There was no two ways about it, the first and only man ever in my bed would also be the first and last thing that I'd ever want. Yet if he knew, would he not flee too?

The guy's as straight as a needle...a lil off judging by the fact that his sister was his lover, but I guess I'm no better lusting after a man that I found lying in the street on my way home one night. Yet I can still imagine that silly smile in place as he tells me that it's nothing personal, but the blood on his hands is too fresh to touch anything pure anymore.

Damnit Hakkai...let the blood wash away already...or at the least, bathe in it with me. You once told me that the crimson of my hair reminded you of all the blood that you had spilled. Then damnit, run your fingers through my hair and admonish youself, but drown in me...drown with me.
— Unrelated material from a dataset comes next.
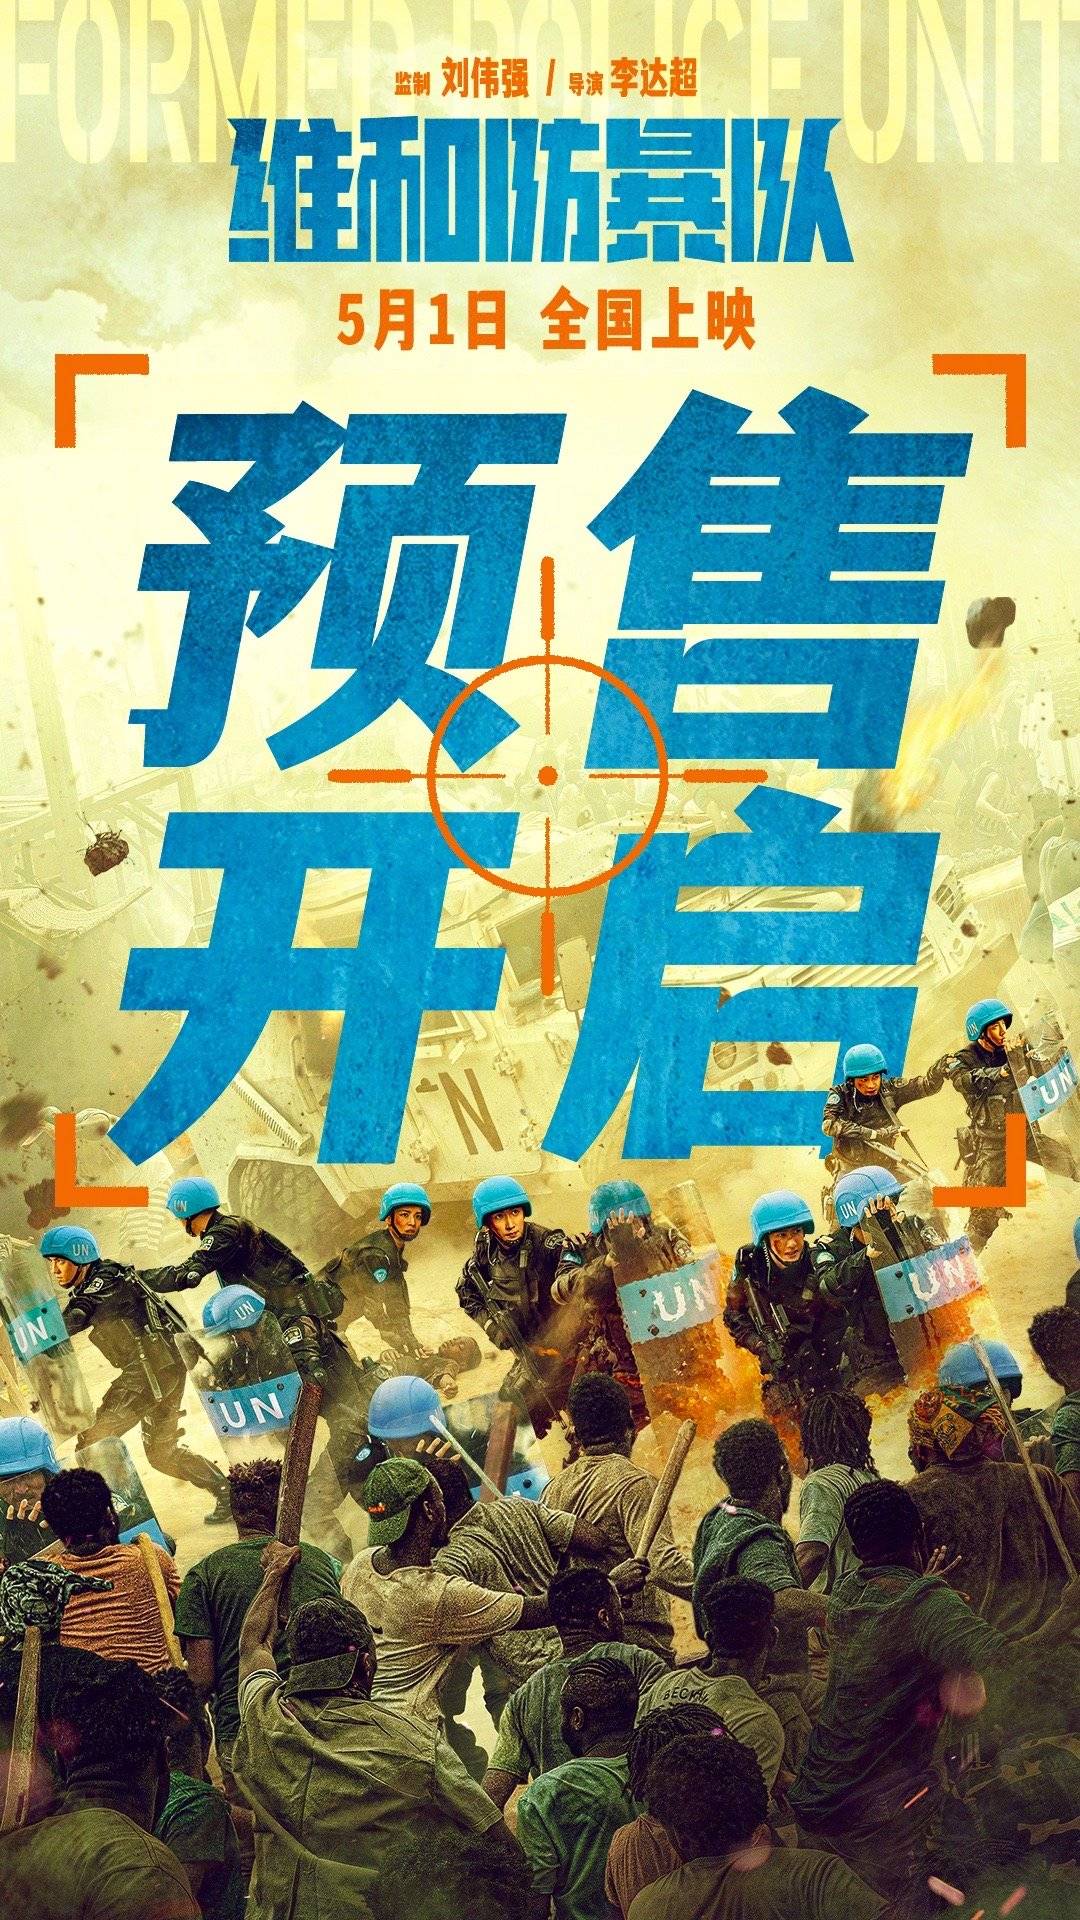 黄景瑜王一博主演《维和防暴队》曝制作特辑及角色海报 5月1日上映预售已开启

I can see you, even though I'm not there, staring out the window clutching at that old scar on your belly, looking like the God of Doom and Gloom himself. And I want to hold you, and tell you everything will be alright, and the rain can wash away as well as absolve. That the rain can fall like blood but runs clear as holy water.

Would you run then? Would you run? Be another beautiful thing that I managed to break?

I heard Sanzo once tell you that you didn't need to stay if you didn't want to...so would you flee if you knew my deepest and darkest secret?

Cho Gonou...Cho Hakkai...from the moment I was born, to the moment I too must face judgement, I love you. You're the last beautiful thing left in this wintery heart of mine, so please, stay. Don't let the rain drown you out...don't let the blood carry you away. Be mine. Be my beautiful little lie.